Primary HCC, the most common primary hepatic tumor, is also the third most common cause of cancer death worldwide.[11] The liver is the largest solid organ in the body and has a dual blood supply. It receives 75% of its blood supply from the portal veins, which are the primary blood supply in benign nodular lesions. The remaining 25% of the liver’s blood supply is from the hepatic artery, which is the primary blood supply of HCC and is indicative of its malignant nature. As HCC grows, according to Tajima et al.,[12] the blood supply of normal hepatic artery and portal veins decrease gradually, while abnormal proliferation of the hepatic artery gradually increases. While conducting a comparison study of DCE-MRI parameters between micro-vessel density, vascular endothelial growth factor, and P53 protein, Wang et al.[13] found that DCE-MRI can reflect the number and activity of angiogenesis in HCC. In addition, Hsu et al.[14] showed a correlation between Ktrans value and treatment response/survival in HCC patients. The Ktrans value in patients with post-treatment partial remission and stable disease was significantly decreased compared with patients who continued to progress. This result suggested that Ktrans value could be an independent index of HCC treatment effects. Jarnagin et al.[15] found that the variation in the DCE-MRI index during pre-treatment and early post-treatment could predict the therapeutic effect of partial arterial infusion chemotherapy for HCC patients with no surgical resection.
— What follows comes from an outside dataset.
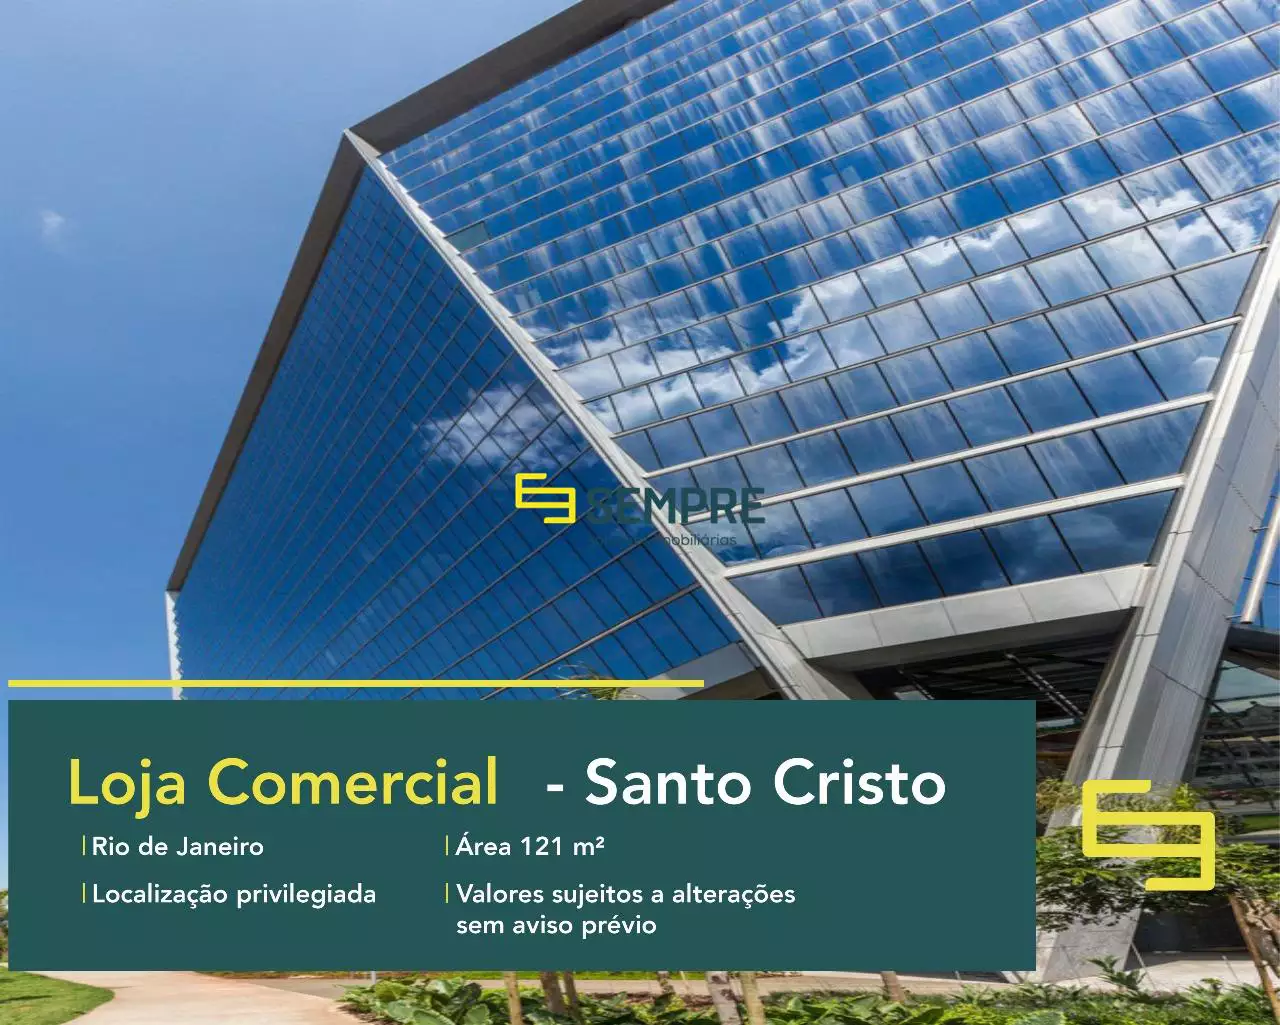 Loja para alugar no AQWA Corporate - Rio de Janeiro, excelente localização. O estabelecimento comercial conta com área de 121 m².

This study in fact shows that the GBCA with different molecular structure delivered different quantitative result in DCE-MRI scan. The Gd-EOB-DTPA with a lipophilic group can enter into the hepatocyte and generated a dual-input three-compartment model: the plasma, intracellular space and extracellular space, which are considered as three separated spaces. Based on the dual-input three-compartment model, more accurate hepatic quantitative analysis should be taken. On the other side, dual-input two-compartment model with non-specific Gd-DPTA should be applied in other area like CNS, prostate, osteoarthritis etc.

In summary, Gd-EOB-DTPA is a liver-specific GBCA that can be taken up by the hepatocytes and excreted by the bile ducts. The Kep and Ve using Gd-EOB-DTPA were different from those obtained using a non-specific GBCA due to differences in the excretion pathway between the two types of contrast agents. Therefore, care should be taken when analysing quantitative DCE-MRI data using either type of GBCA.